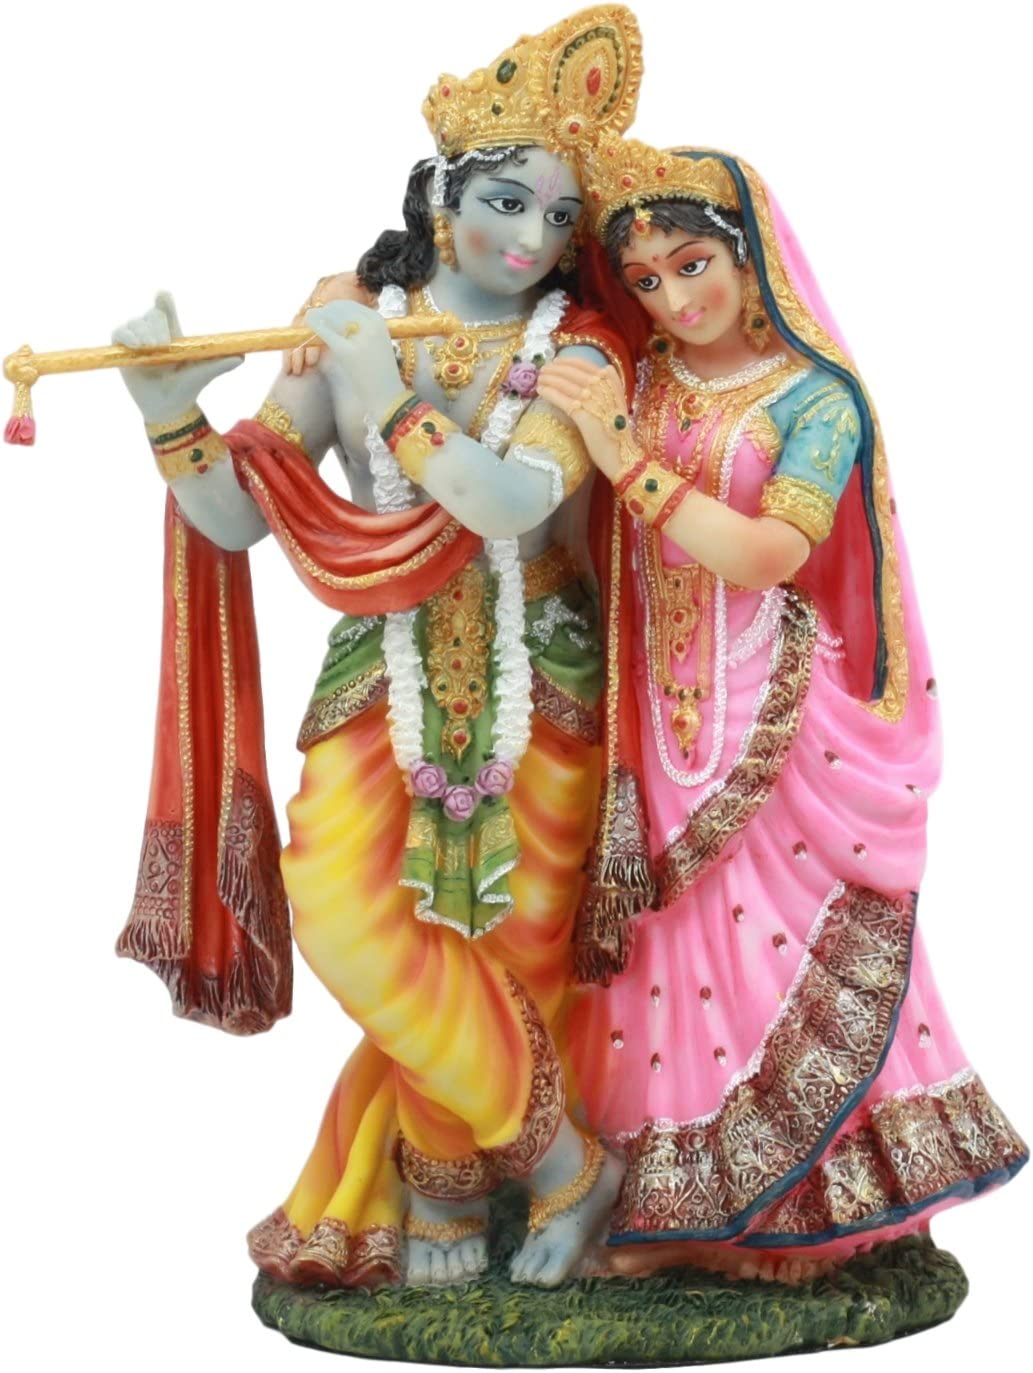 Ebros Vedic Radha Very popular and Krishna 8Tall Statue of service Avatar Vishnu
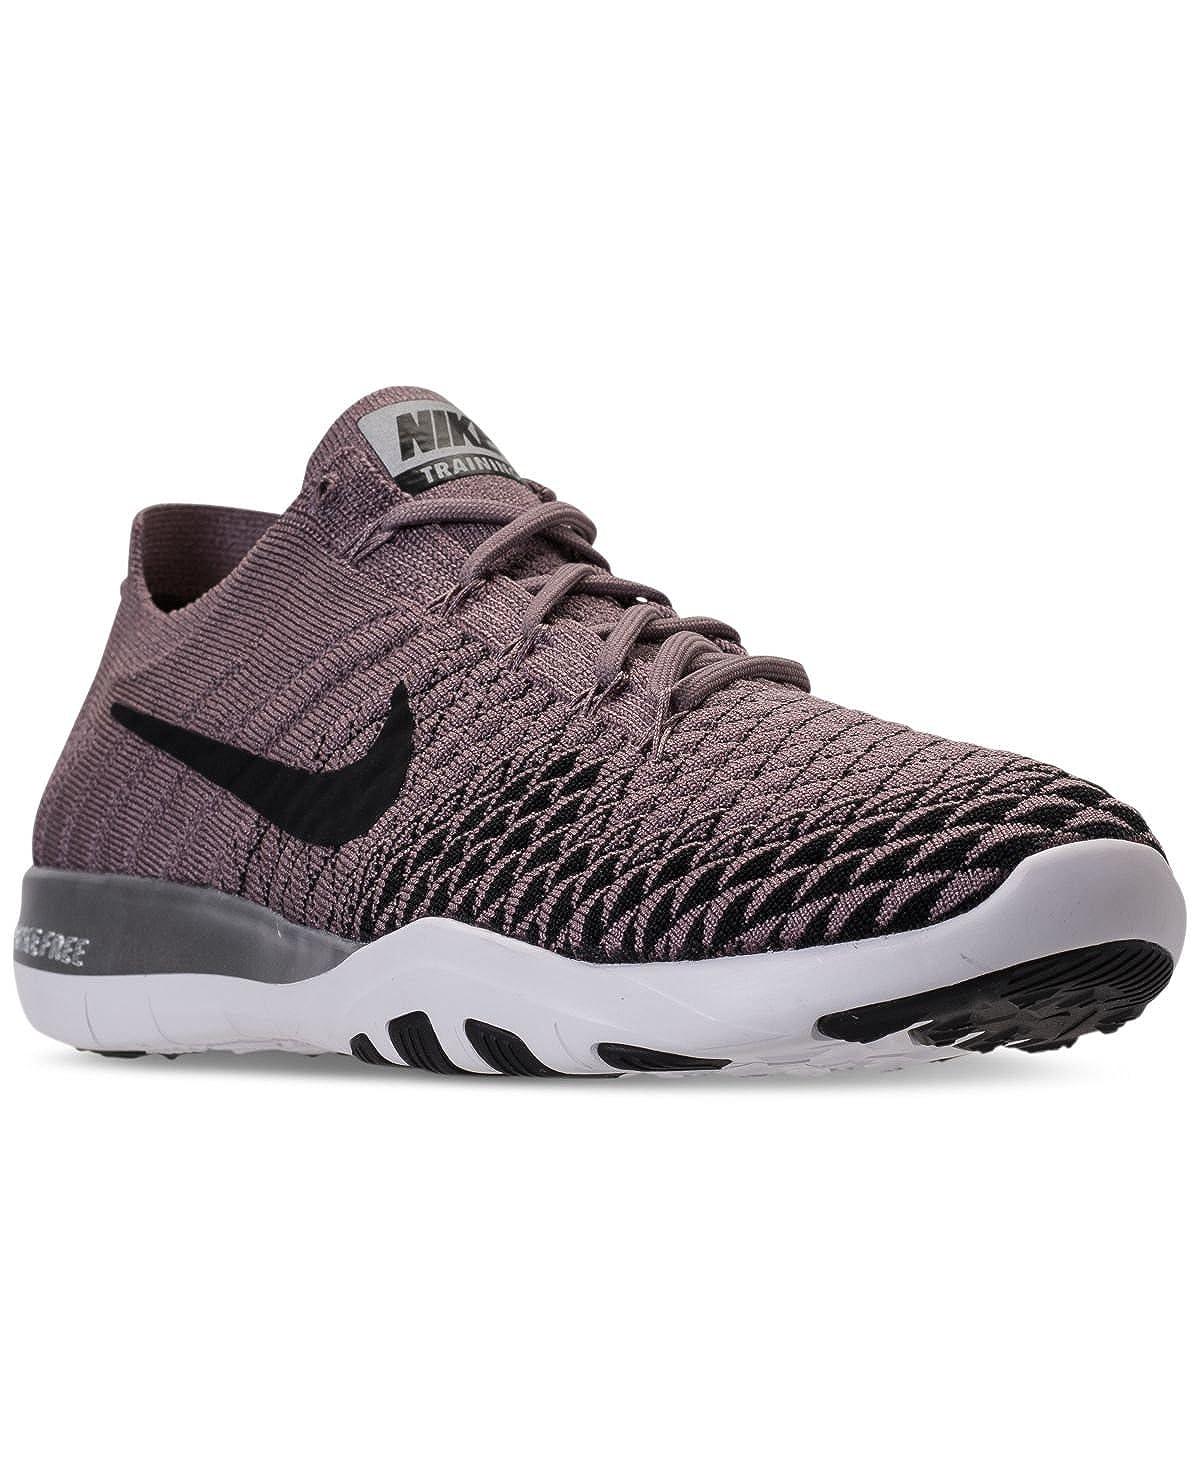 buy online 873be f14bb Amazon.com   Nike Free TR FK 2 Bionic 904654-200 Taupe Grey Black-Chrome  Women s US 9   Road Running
########################################
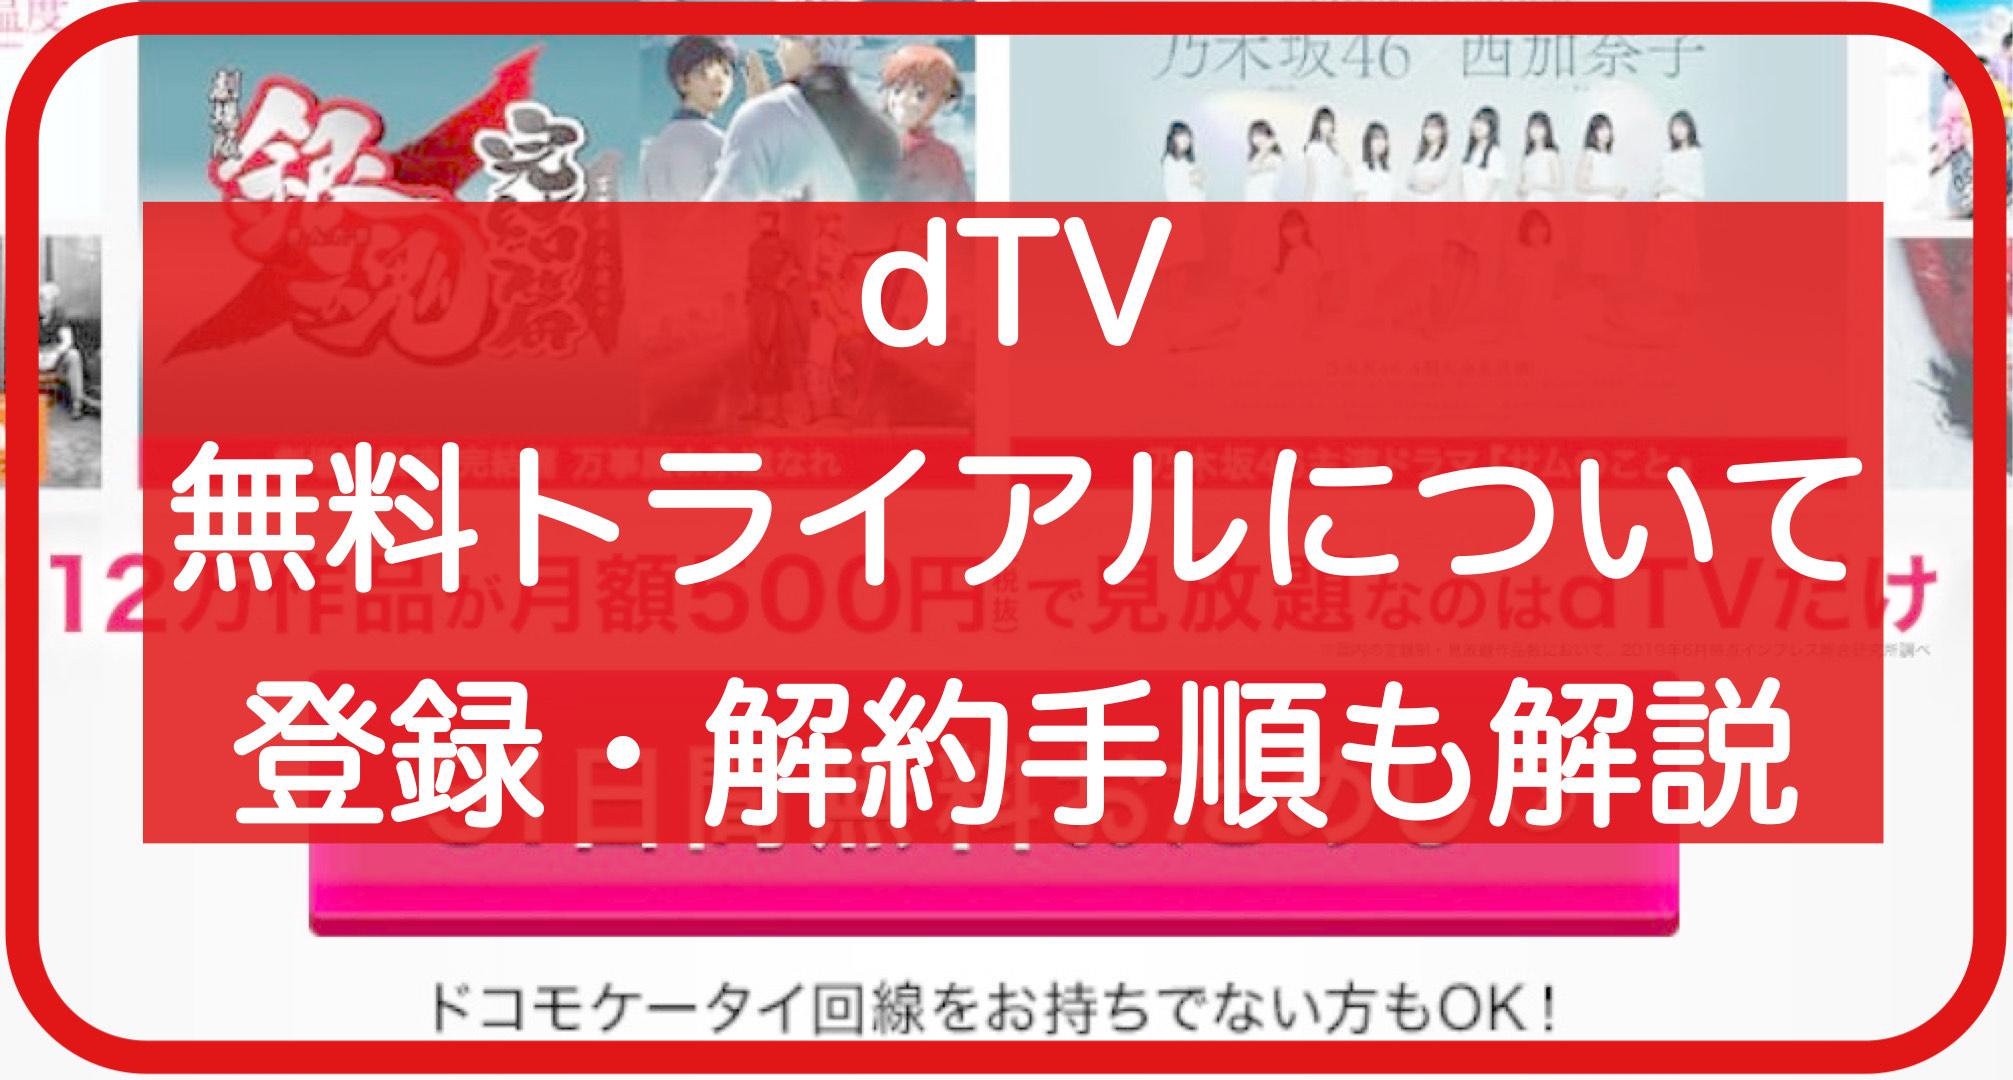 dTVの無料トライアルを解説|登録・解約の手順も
########################################
*THE PROBLEM*.
Transcribe the listing above exactly, but only from the line with "Ebros Vedic Radha" through the line with "buy online 873be". Include both of those lines and omit the pictures.

*TASK ANSWER*.
 Ebros Vedic Radha Very popular and Krishna 8Tall Statue of service Avatar Vishnu
 buy online 873be f14bb Amazon.com   Nike Free TR FK 2 Bionic 904654-200 Taupe Grey Black-Chrome  Women s US 9   Road Running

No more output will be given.